With respect to creating timelines, I'm not the only using timelines. Chris posted recently on using the TSK tool fls to create a bodyfile from a live system, and Rob posted on creating timelines from Windows Volume Shadow Copies. Using Volume Shadow Copies to create timelines is a great way to get a view into the state of the system at some point in the past...something that can be extremely valuable in an investigation.

These are great places to start, but consider all that you could do if you took advantage of other data on the system. In order to get a more granular view into what happened when on a system, timelines should need to incorporate other data sources. Incorporating Event Log (.evt, .evtx) records may show you who was logged on to the system, and how (i.e., locally, via RDP, etc.). Now, auditing isn't always enabled, or enabled enough to provide indications of what you're looking for, but many times, there's some information there that may be helpful.

Including user web browser activity into a timeline has been extremely useful in tracking down things like browser drive-bys, etc. For example, by including web browsing activity, you may see the site that the user visited just prior to a DLL being created on the system and a BHO being added to the Registry. Also, don't forget to check the user's Bookmarks or Favorites...there at timestamps in those files, as well.

When I was working at IBM and conducting data breach investigations, many times we'd see SQL Injection being used in some manner. Parsing all of the web server logs for the necessary data required an iterative approach (i.e., search for SQL injection, collect IP addresses, re-run searches for the IP addresses, etc.), but adding those log entries to the timeline can provide a great deal of context to youranalysis. Say, for example, that the MS SQL Server database is on the same system as the IIS web server...any commands run via SQLi would leave artifacts on that system, just as creating/modifying files would. If the database is on another system entirely, and you're using the five field TLN format, you can easily correlate data from both systems in the same timeline (taking clock skew into account, of course). This works equally well for exams involving ASP or PHP web shells, as you can see where the command was sent (in the web server logs), as well as the artifacts (within the file system, other artifacts), all right there together.

Consider all of the other sources of data on a system, such as other application (i.e., AV, etc.) logs. And don't get me started on the Registry...well, okay, there you go. There're also Task Scheduler Logs, Prefetch files, as well as metadata from other files (PDF, Office documents, etc.) that can be added to a timeline as necessary. Depending on the system, and what you're looking for, there can be quite a lot of data.

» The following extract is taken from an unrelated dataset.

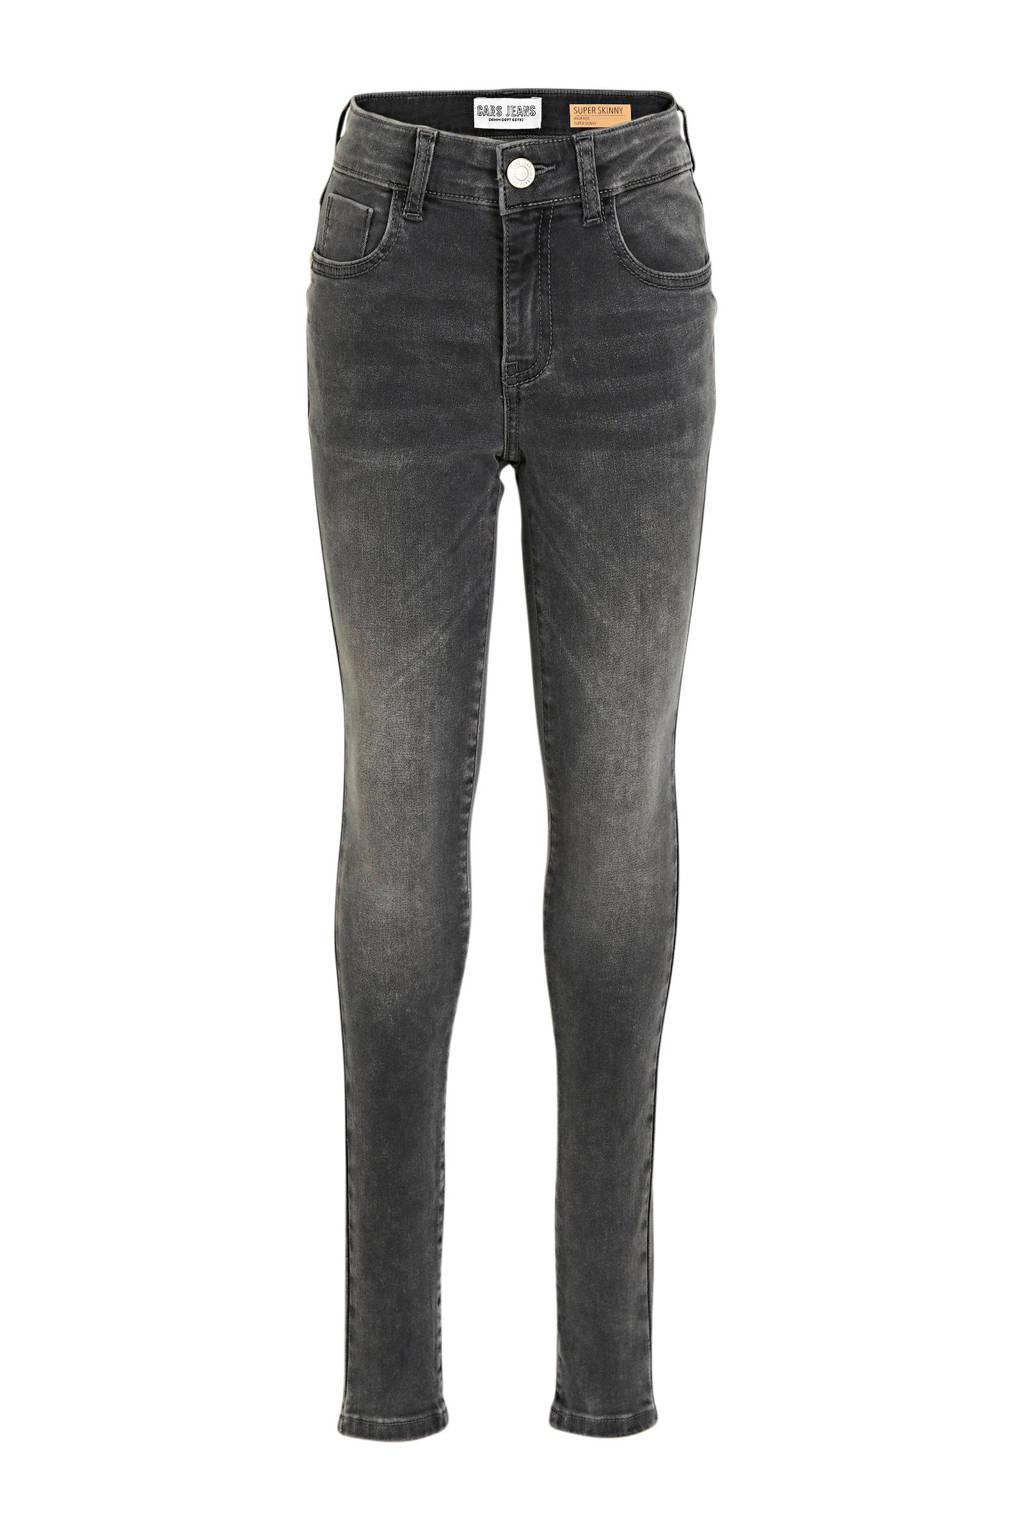 Cars high waist skinny jeans Ophelia mid grey, Mid Grey

But what does this work get me? Well, a couple of things, actually. For one, there's context. Say you start with the file system metadata in your timeline, and you kind of have a date that you're interested in, when you think the incident may have happened. So, you add the contents of the Event Logs, and you see that the user "Kanye" logged in...event ID 528, type 10. Hey, wait a sec...since when does "Kanye" log in via RDP? Why would he, if he's in the office, sitting at this desk? So then we add the user Registry hive information, and we see "cmd/1" in the RunMRU key (the most recent entry) and shortly thereafter we notice that "Kany3" logged in via RDP. We can get the user information from the SAM hive, as well as any additional information from the newly-created user profile. So as we add data, we begin to also add context with respect to activity we're seeing on the system.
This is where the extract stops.